Data block section start

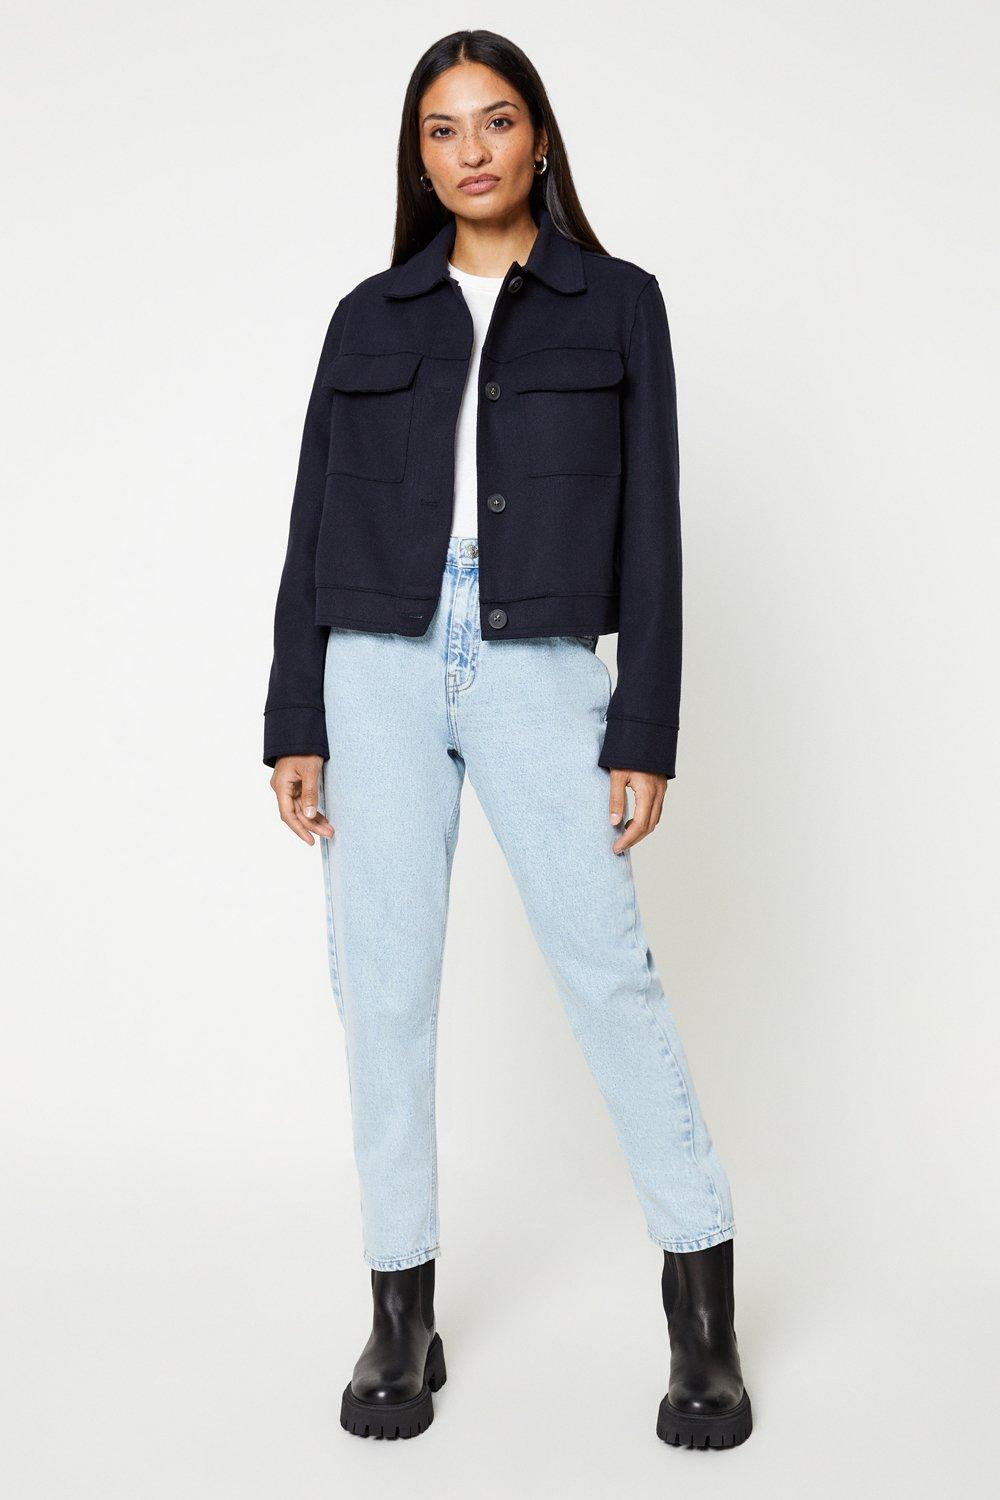 Women’s Wool Look Cropped Jacket - navy - L
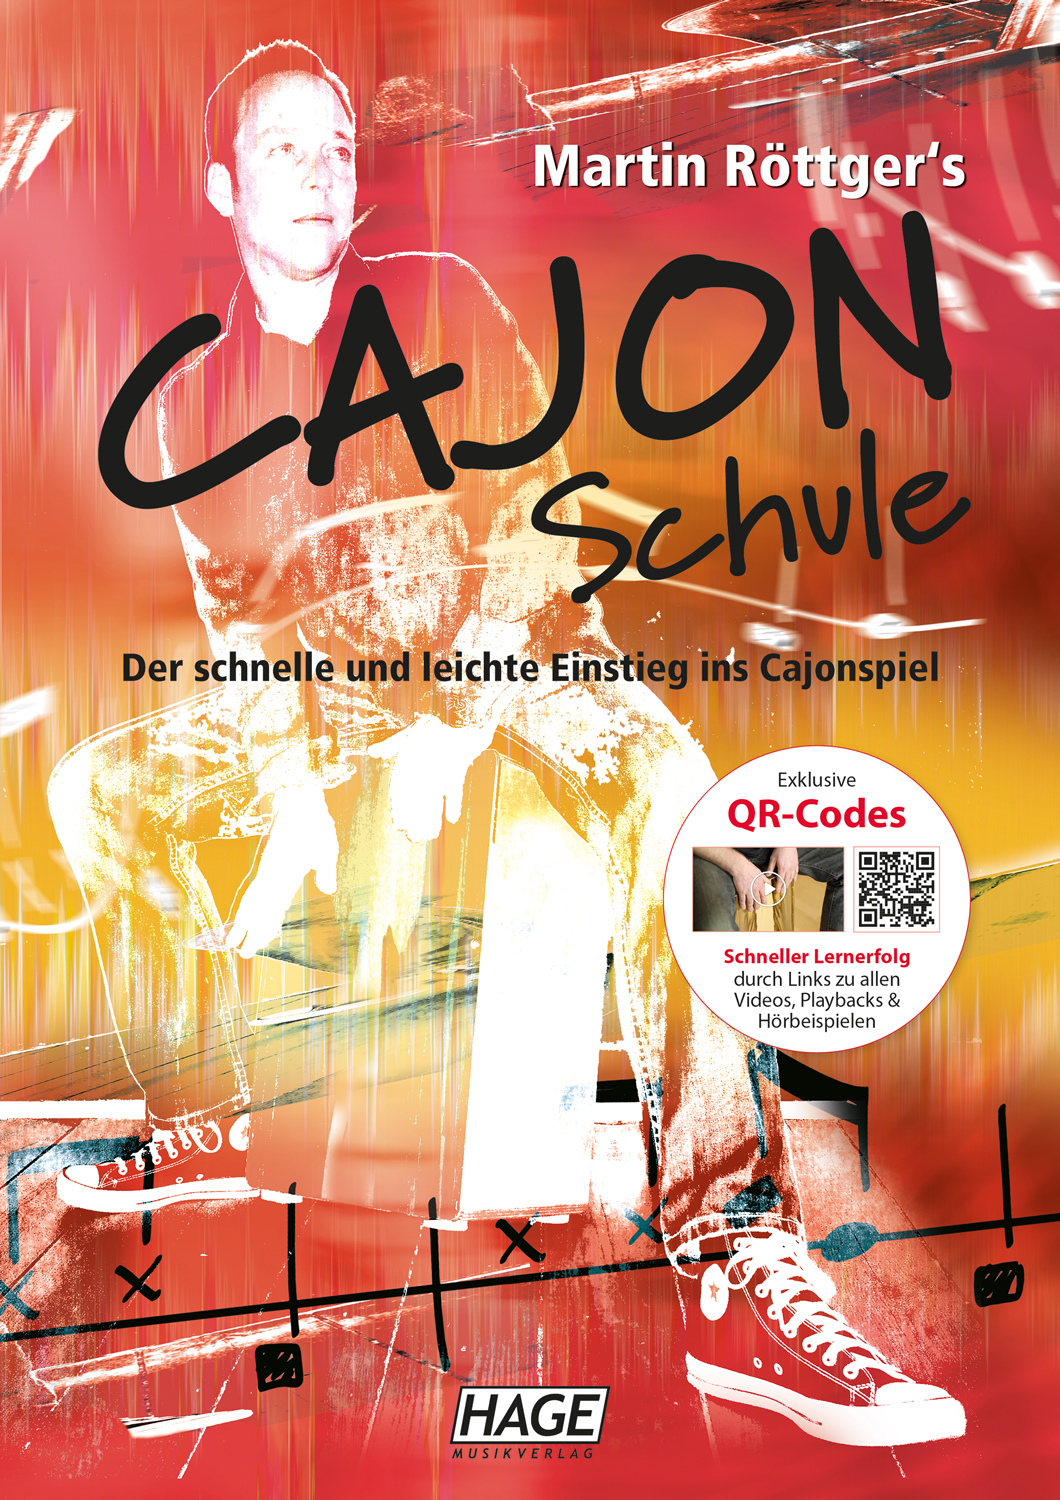 Cajon School
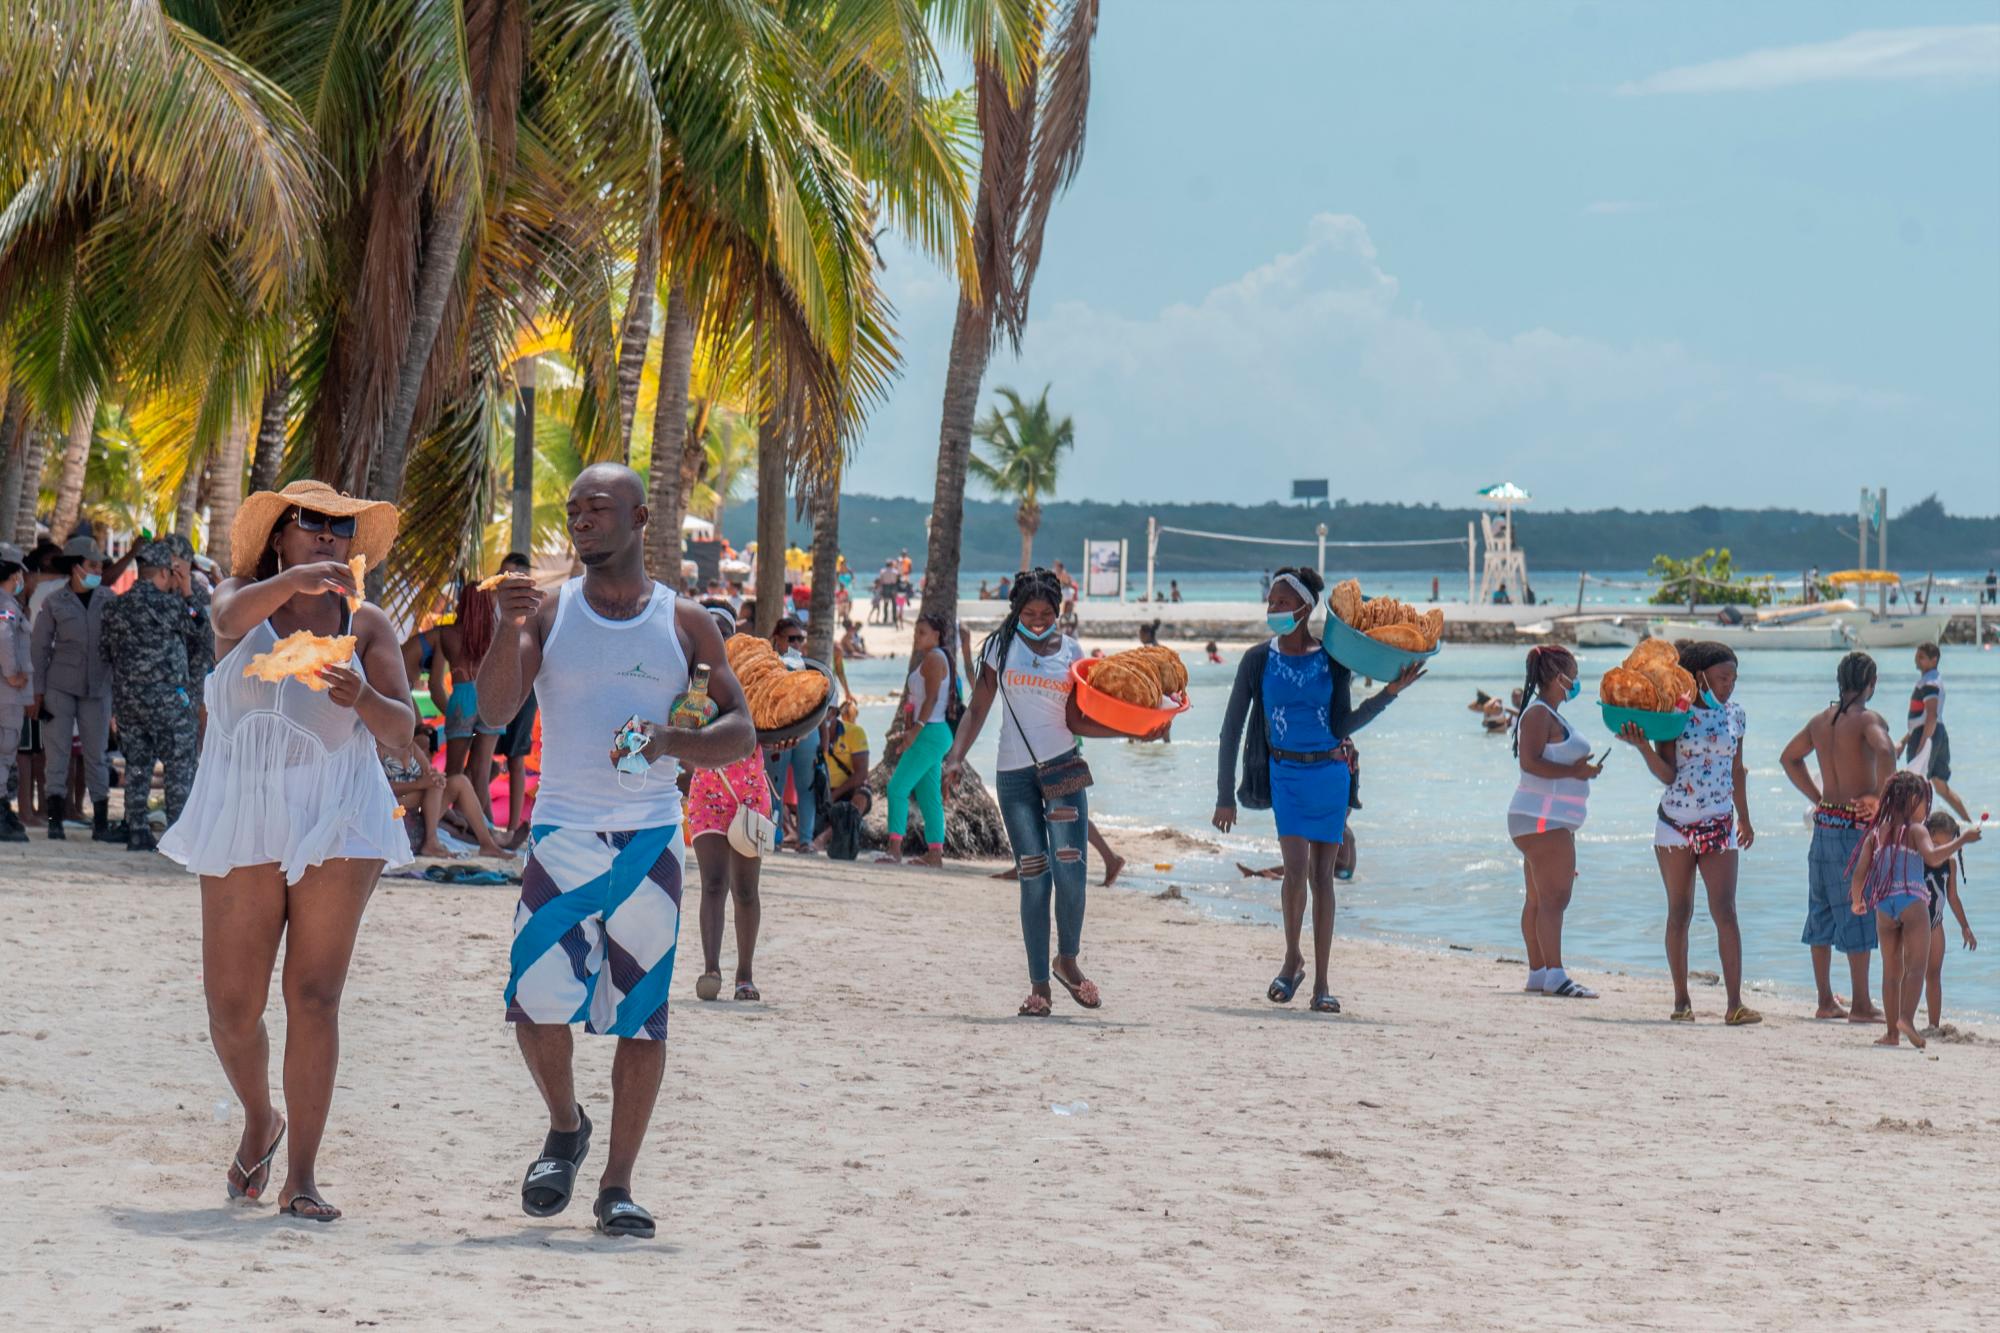 La playa de Boca Chica estuvo repleta de visitantes el pasado sábado, pero el domingo disminuyó considerablemente, lo que es atribuido a las medidas de seguridad desplegado por los organismos de socorro, la Policía y otras instituciones.  (Pedro Bazil)

Data block section end

* [Required work]: Word for word, return the material above, but drop the pictures.

* [Answer to this problem]:
 Women’s Wool Look Cropped Jacket - navy - L
 Cajon School
 La playa de Boca Chica estuvo repleta de visitantes el pasado sábado, pero el domingo disminuyó considerablemente, lo que es atribuido a las medidas de seguridad desplegado por los organismos de socorro, la Policía y otras instituciones.  (Pedro Bazil)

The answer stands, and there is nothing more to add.